What they found is that it, too, is required for the normal life span of yeast. When DNA2 was experimentally mutated, the resulting cells had life spans only about one-third as long as the unaltered versions.
"And not only do they approach the end of their life span quickly, but they accelerate processes that take place in normal aging," just like the SGS1 helicase was shown to do, Hoopes says. The DNA2 strains became sterile early, had fragmented nucleoli, and accumulated ERCs.
Hoopes and Budd also found, though, that DNA2 appears to act through a different pathway than SGS1. When a double mutant was created, incorporating both SGS1 and DNA2, cell life spans were shorter than with either mutant helicase alone.
"It means that, although they're both affecting life span, they're not doing exactly the same thing,'' Hoopes says. The researchers found that DNA2 appears to belong to a grouping of genes involved in post-replication DNA repair, which Hoopes describes as a genetic strategy of "skip the error while you're replicating and fill in the gap later as best you can." Other genes that had been found to affect DNA repair and cause a short life span were all involved in what is called double-strand break repair.
Hoopes and Budd believe the two yeast helicases, SGS1 and DNA2, act independently to protect ribosomal DNA from processes that produce ERCs, whose formation may signify the start of aging and portend the eventual death of the cell.

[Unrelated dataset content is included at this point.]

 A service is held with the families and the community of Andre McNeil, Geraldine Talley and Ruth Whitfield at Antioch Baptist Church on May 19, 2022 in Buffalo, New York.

The likelihood that scientists will one day be able to manipulate and perhaps forestall or even prevent these processes in human cells--to genetically engineer the Fountain of Youth that eluded Ponce de León--is of philosophical and ethical concern to Hoopes.

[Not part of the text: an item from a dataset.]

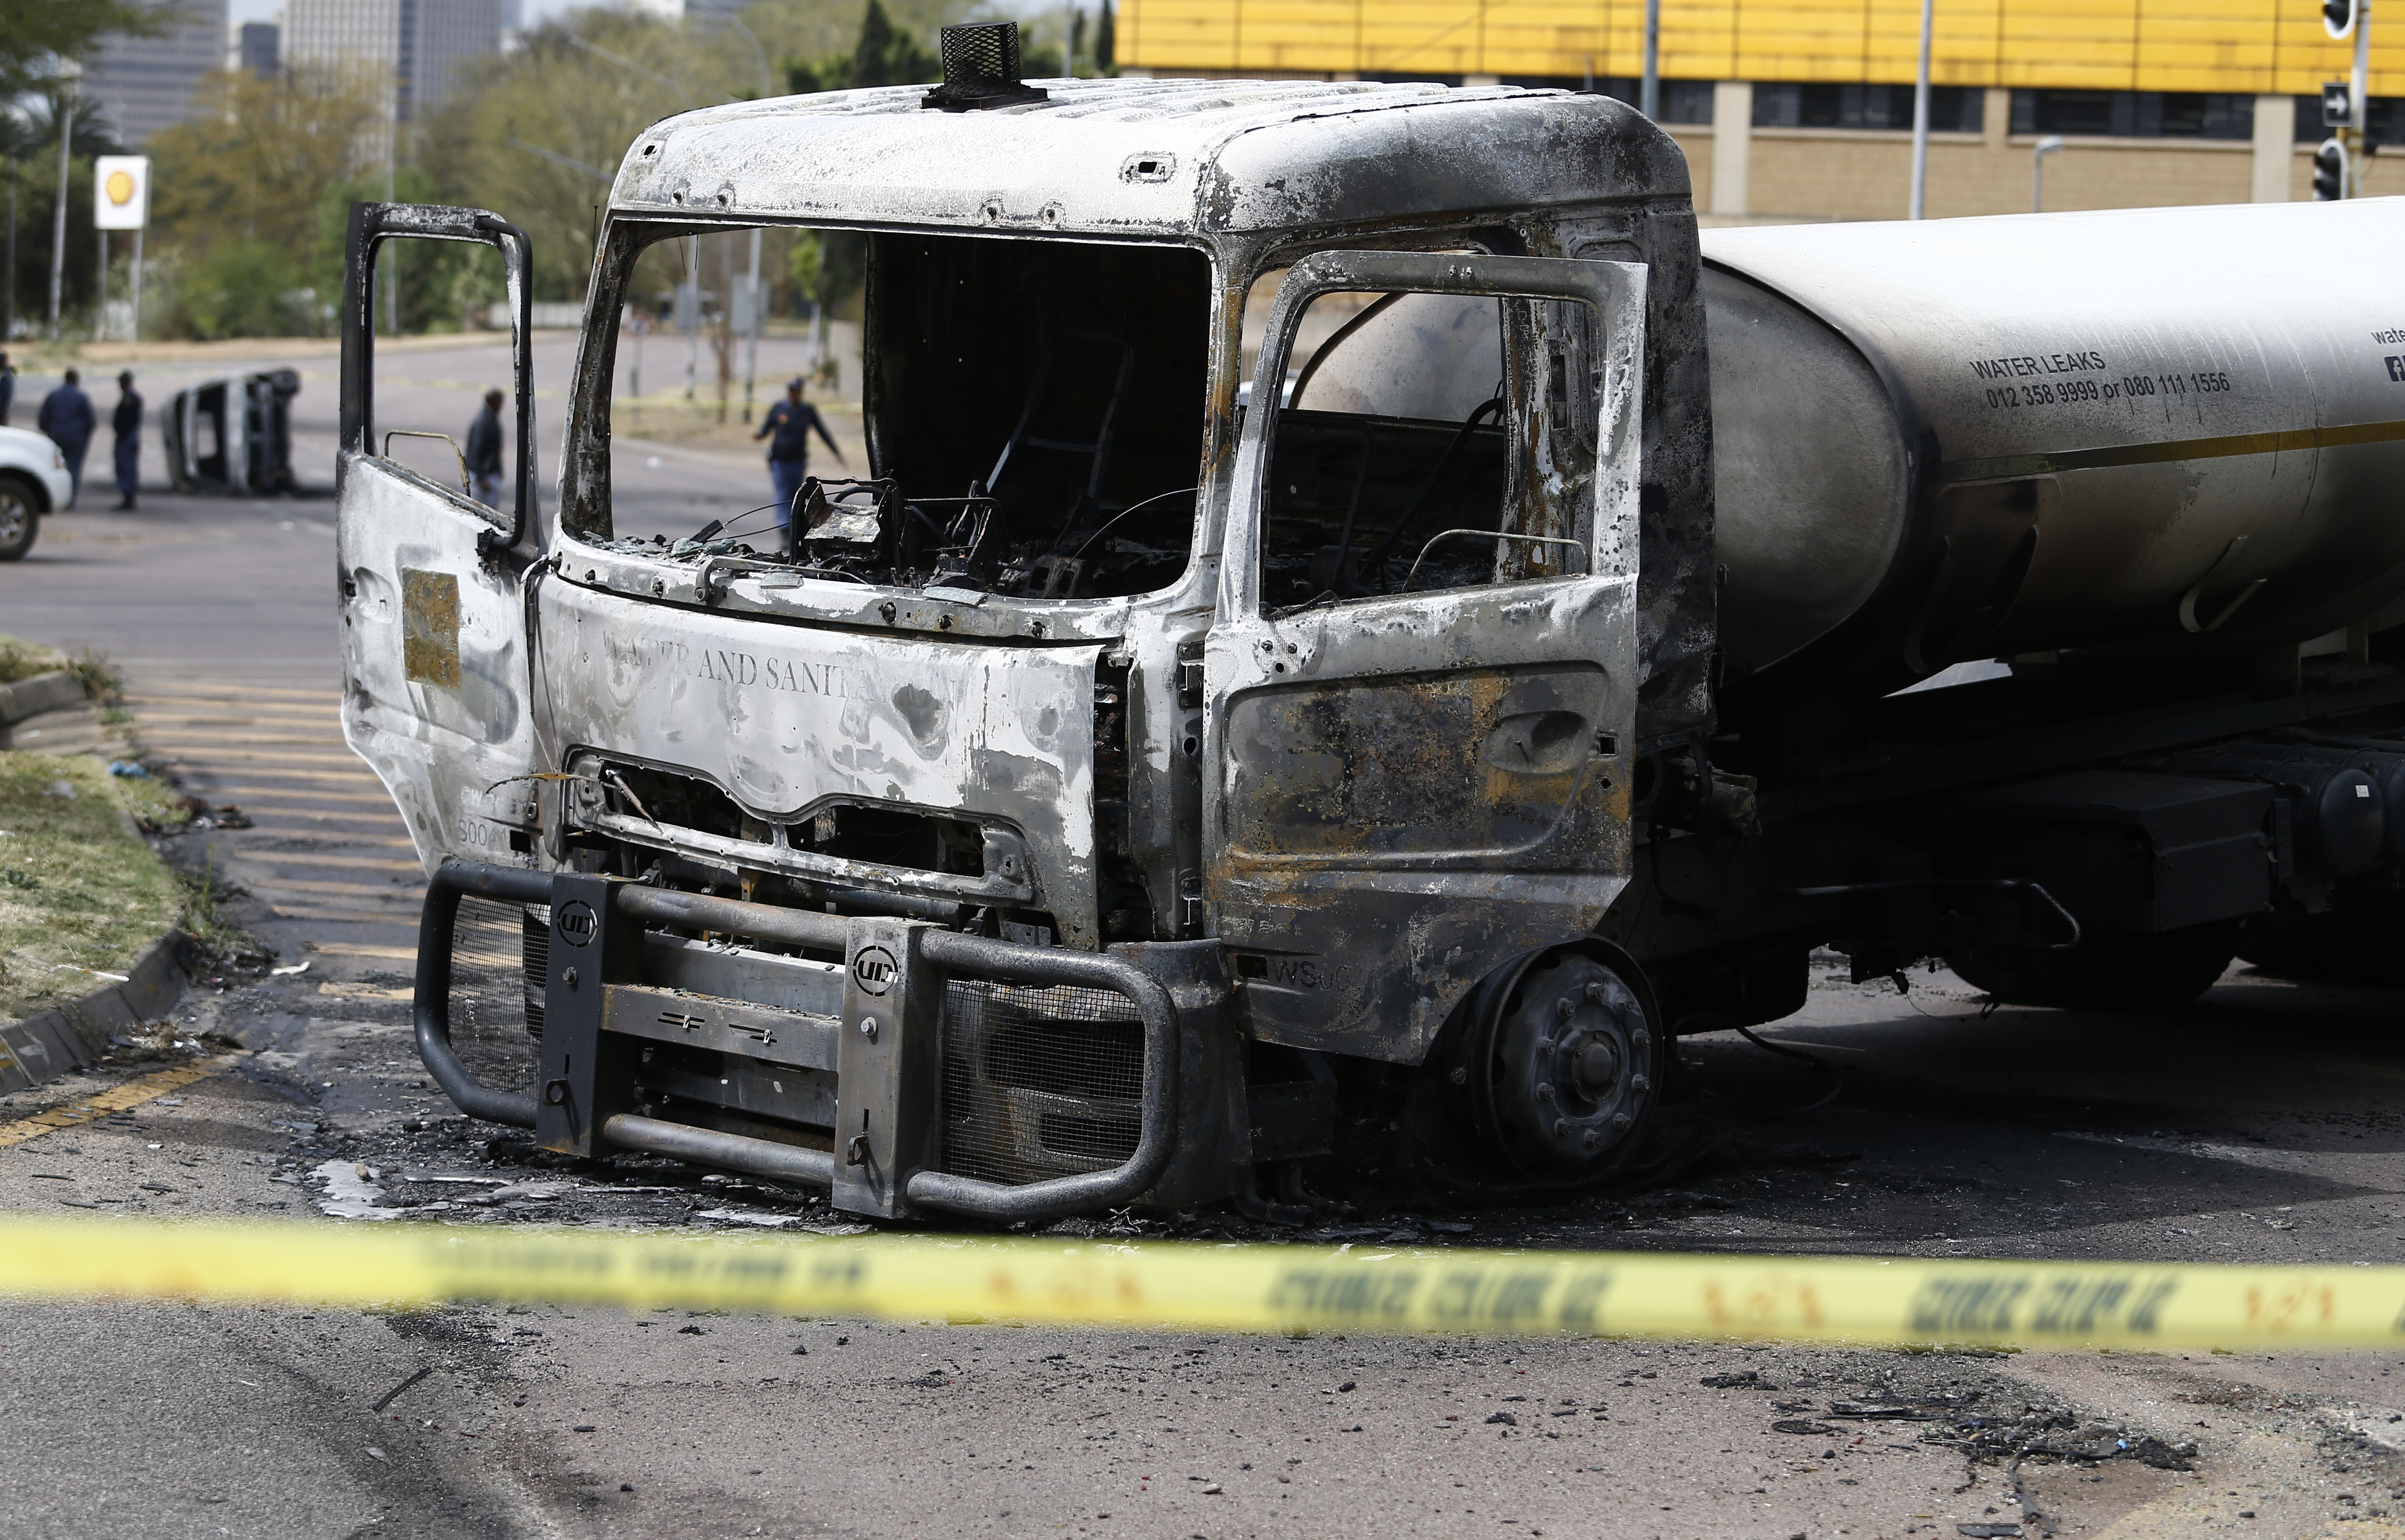 Torched City of Tshwane vehicles

"I grew up at a time when it was all about the quest," she says of her initiation into the realm of scientific inquiry. "You find a problem and it's sort of your lodestar, and you work on it and try to solve it in your career. But I have not been unaffected by this whole move to asking,'What are the human effects? Everyone that I meet wants a pill to cure aging."

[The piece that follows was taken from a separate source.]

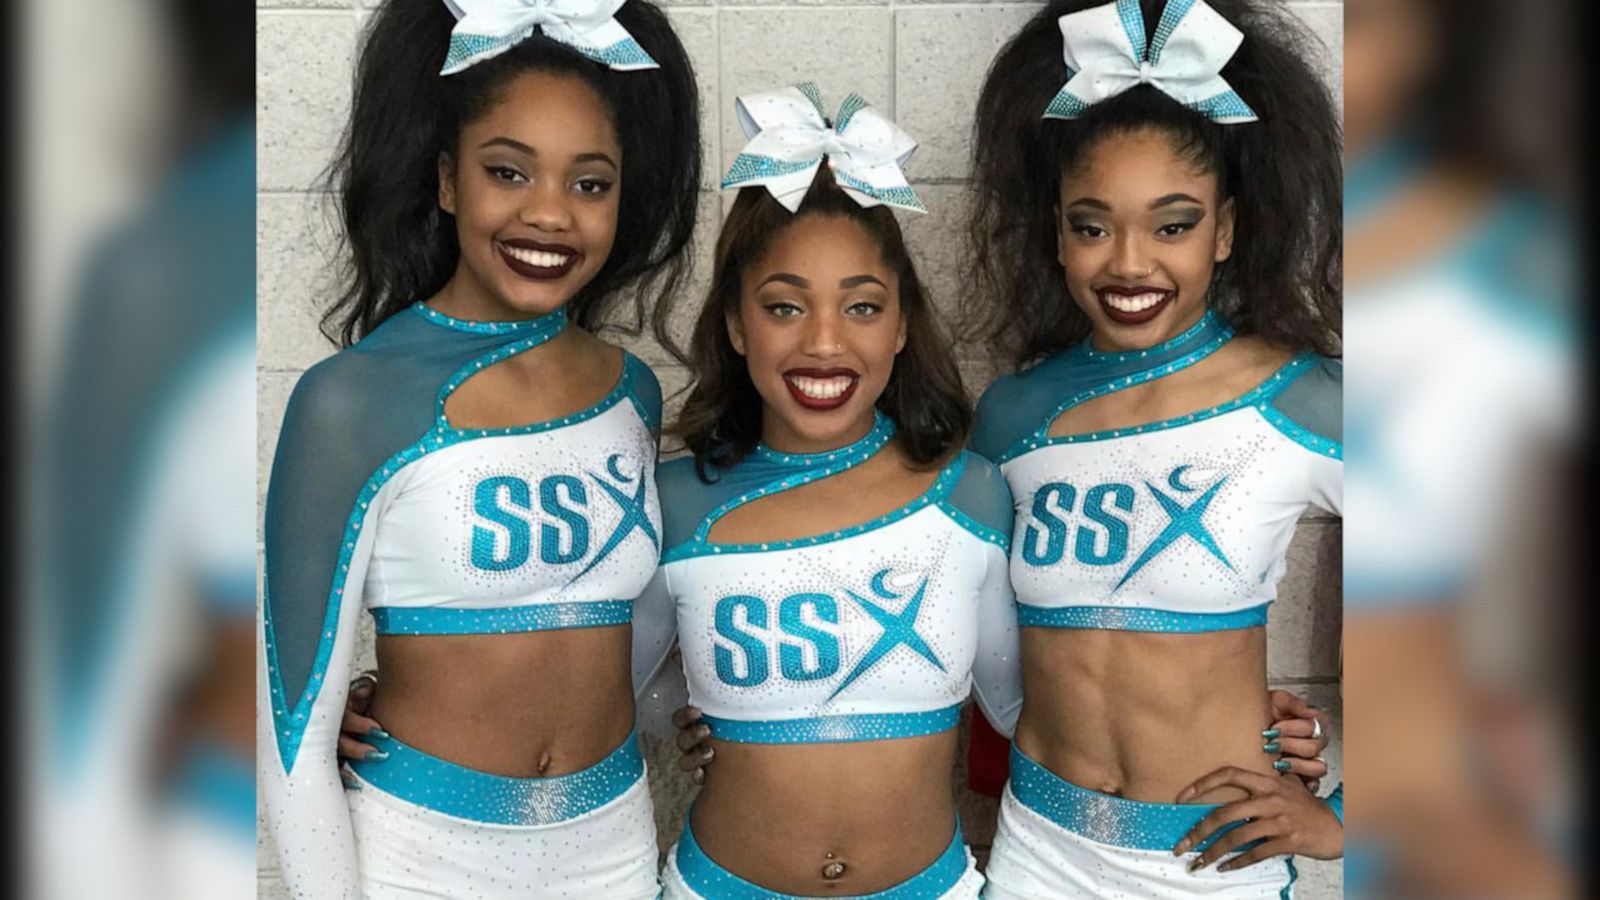 Black Girls Cheer How A Moms Social Media Group Sparked A Movement

Alleviating the infirmities that elderly people suffer would be a laudable application of any techniques developed to influence aging, she says, but "what will happen to humanity if we stop dying is kind of mind-boggling. I have spent a great deal of time talking about that with students and collaborators, and I wouldn't be really happy to contribute to it because it would cause a great societal mess. On the other hand, the problem that I'm working on is likely to do that, and so I'm very ambivalent about it."
Hoopes believes society has given too little attention to finding some means to control the application of research that may have undesirable consequences without resorting to stopping the research itself.
The continuation of her own research may be imperiled not by its potential implications but by the difficulty of securing funding at small colleges like Pomona. Funding agencies often emphasize grants that help young faculty members get started at such schools, while senior faculty members go begging, she says. "They haven't assimilated the idea that it's the deadwood that's holding up the tree," she says.
Students also benefit from participating in advanced experimentation, says Hoopes, a former president of the Council on Undergraduate Research, an organization that provides opportunities for students and faculty to enlarge the role of research in undergraduate science education.
"I like to think about teaching at a place like this as producing not just science but producing students," she says.
Only in real research, Hoopes says, do students experience the ultimate reward of scientific inquiry: the "ahas!"
"When you figure out what could be happening--and there are times when it fits together so beautifully you just know you're right--that's a great feeling," she says. "It's so exciting. You feel like you're present at the dawn of the universe, and secrets are being revealed to you."